**Materials provided**
━━━━━━━━━━━━━━━━━━━━

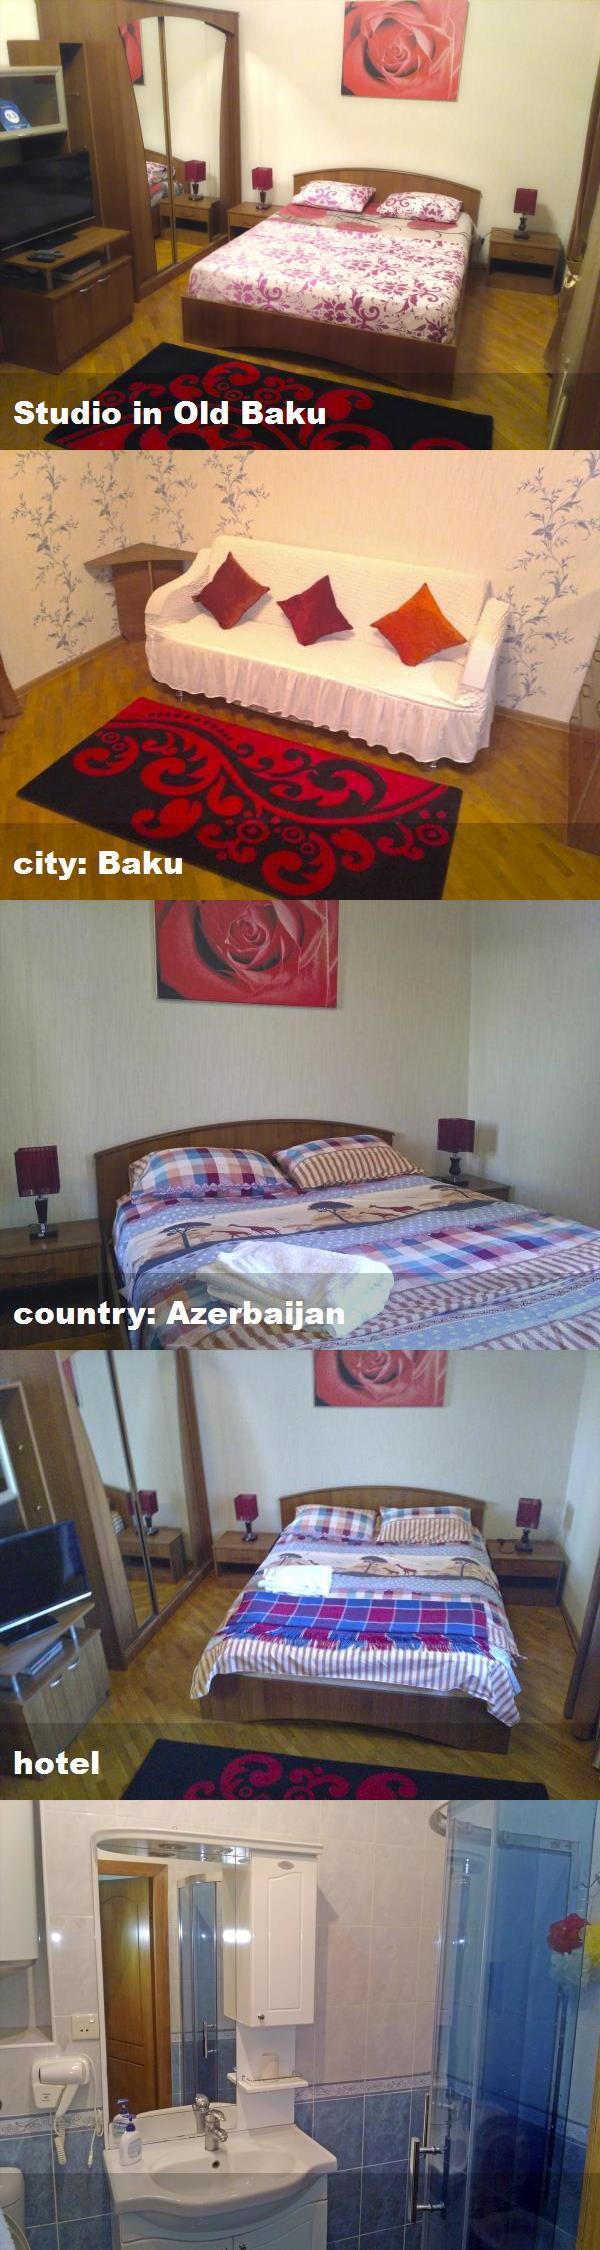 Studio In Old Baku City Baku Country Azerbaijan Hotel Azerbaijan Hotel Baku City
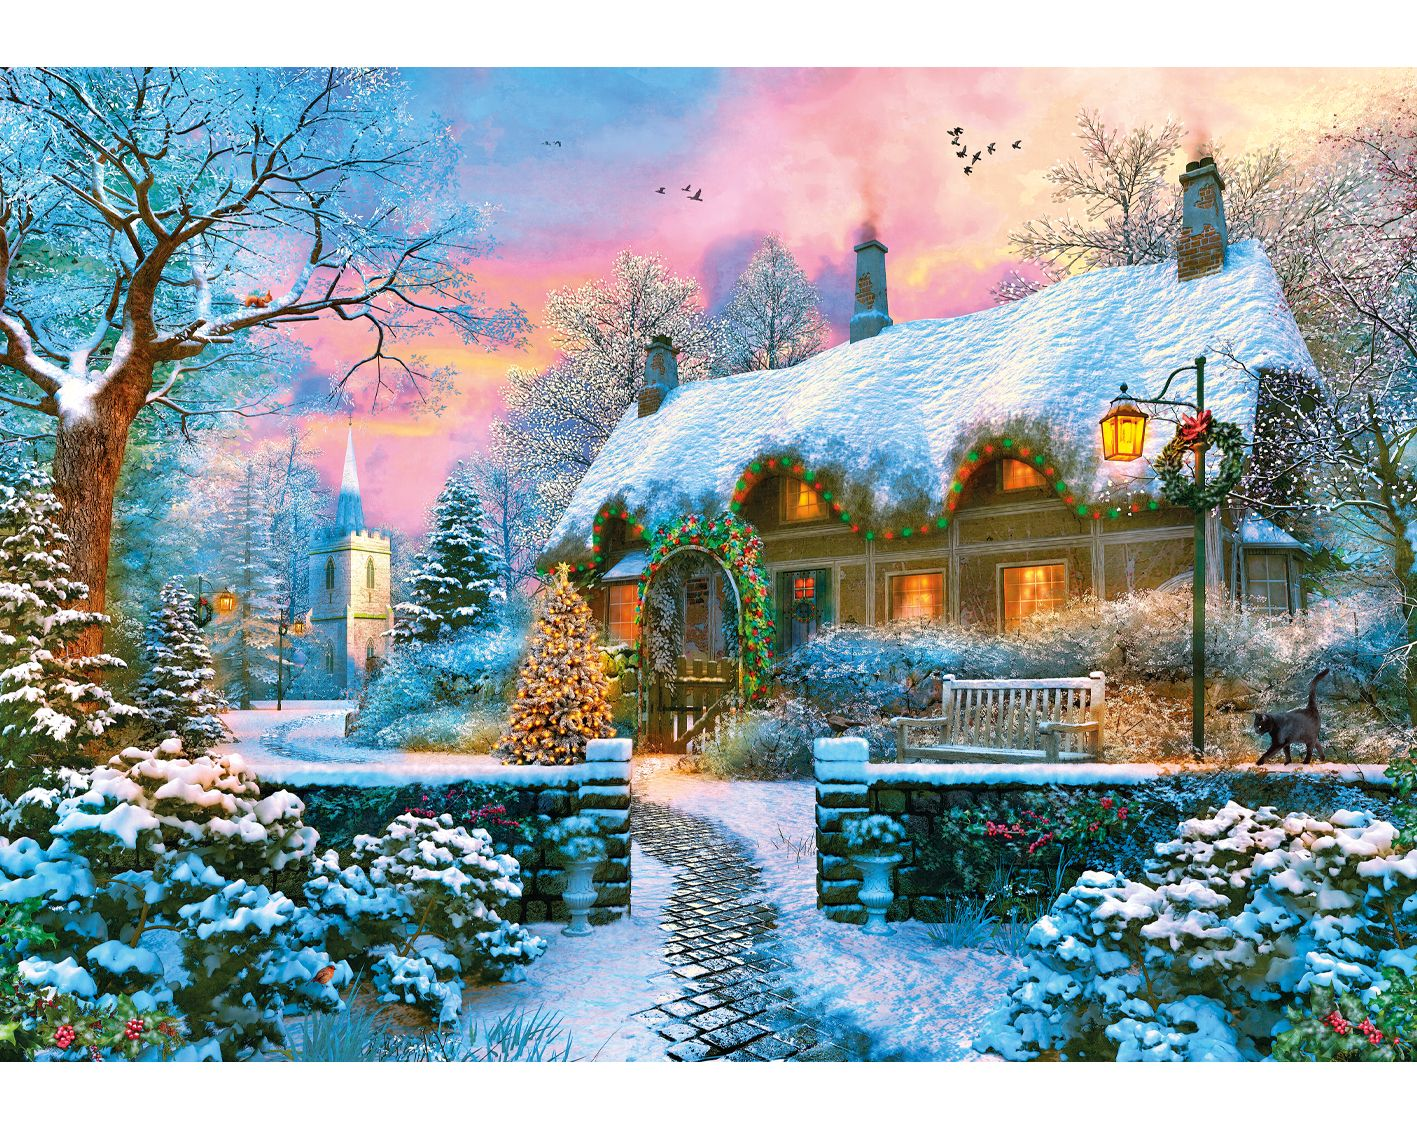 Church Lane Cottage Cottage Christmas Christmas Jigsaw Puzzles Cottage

━━━━━━━━━━━━━━━━━━━━

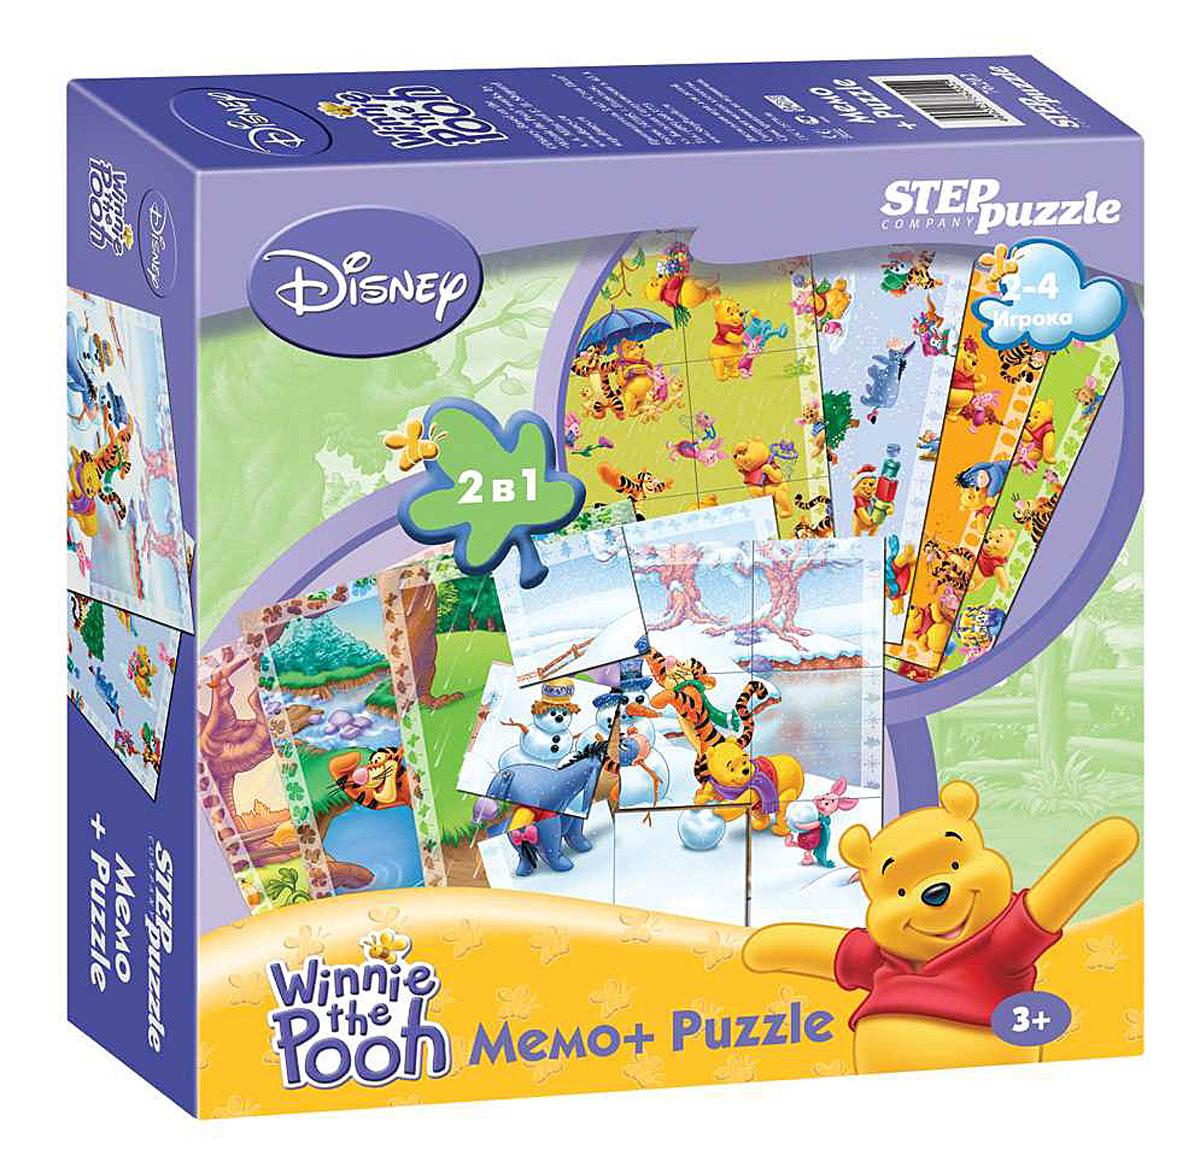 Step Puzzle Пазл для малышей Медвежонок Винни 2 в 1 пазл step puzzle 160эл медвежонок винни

━━━━━━━━━━━━━━━━━━━━

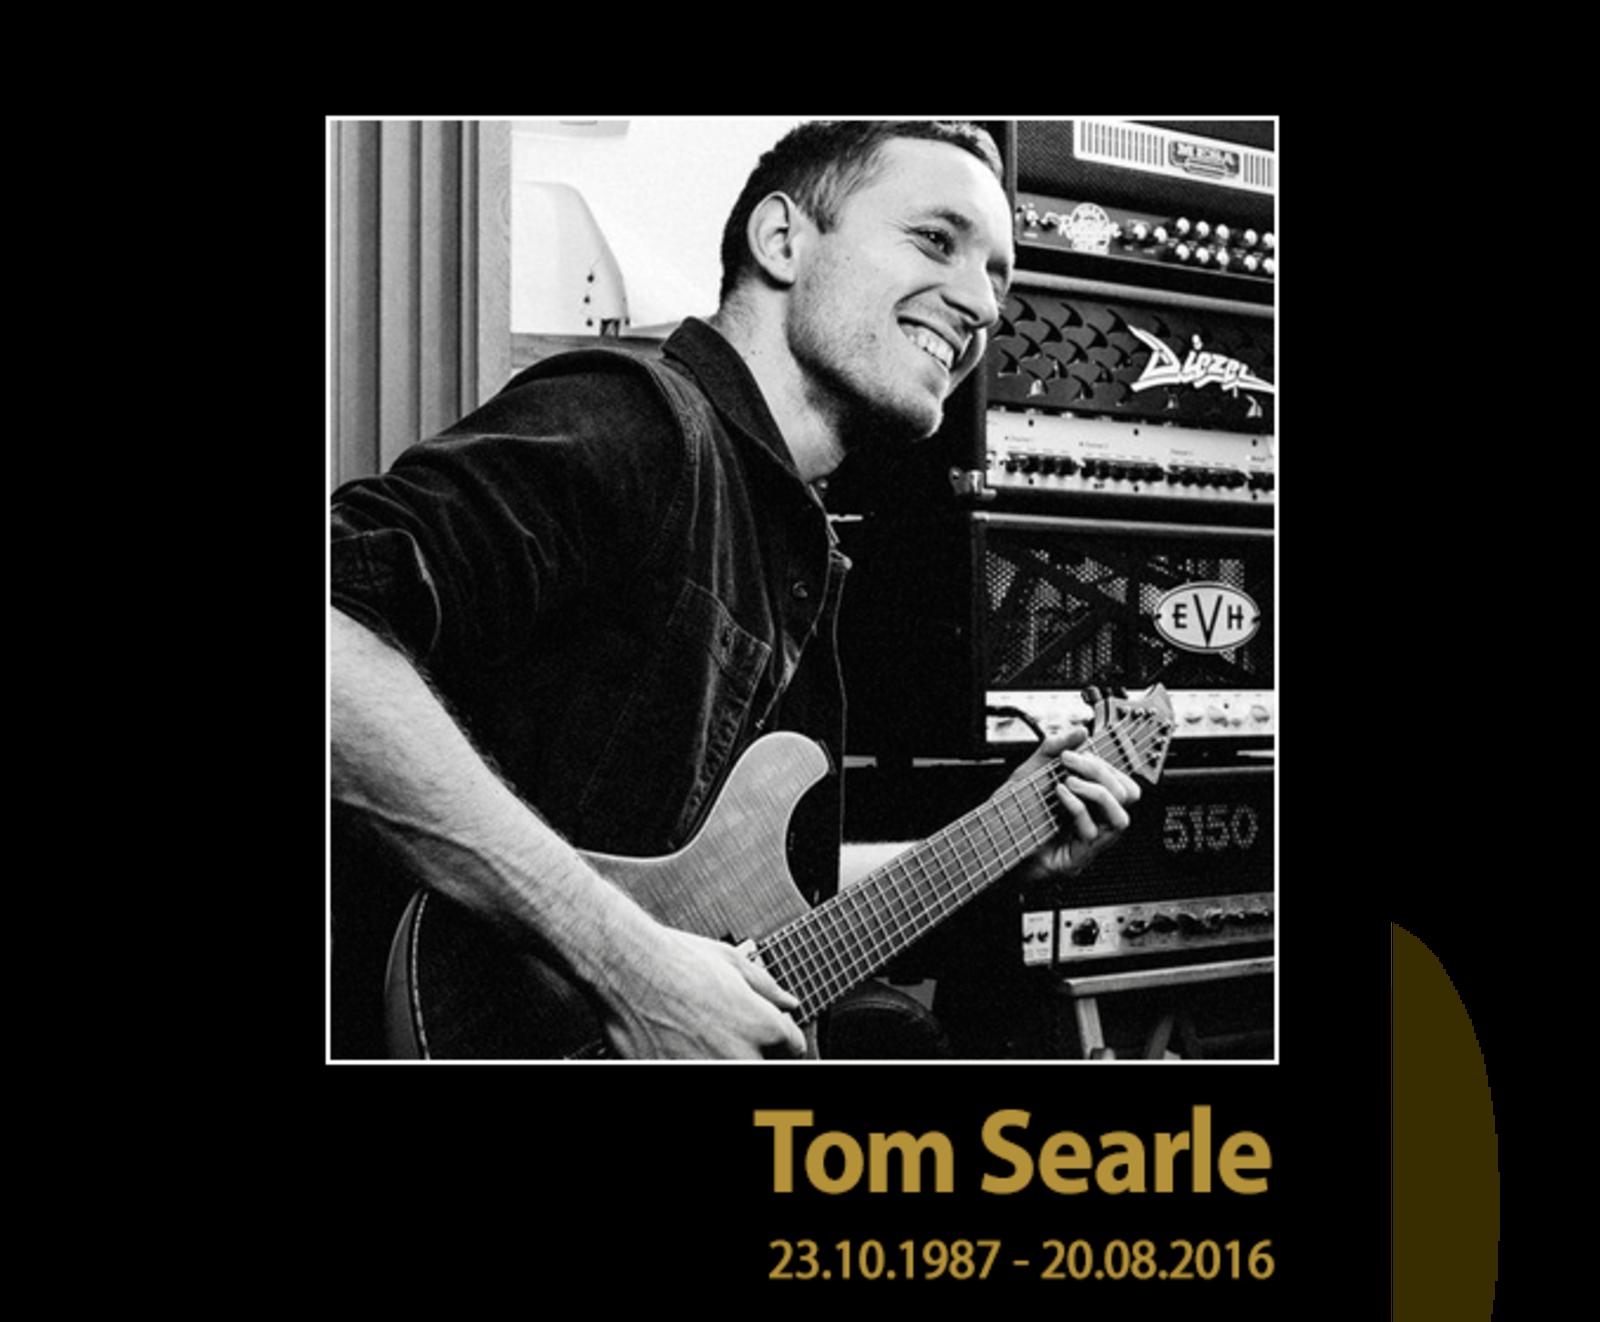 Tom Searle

━━━━━━━━━━━━━━━━━━━━

**Task requirements**
Print, exactly, each line above from the one with "Studio In Old" to the one with "Church Lane Cottage", end lines included. Leave pictures out of it.

**Result below**
 Studio In Old Baku City Baku Country Azerbaijan Hotel Azerbaijan Hotel Baku City
 Church Lane Cottage Cottage Christmas Christmas Jigsaw Puzzles Cottage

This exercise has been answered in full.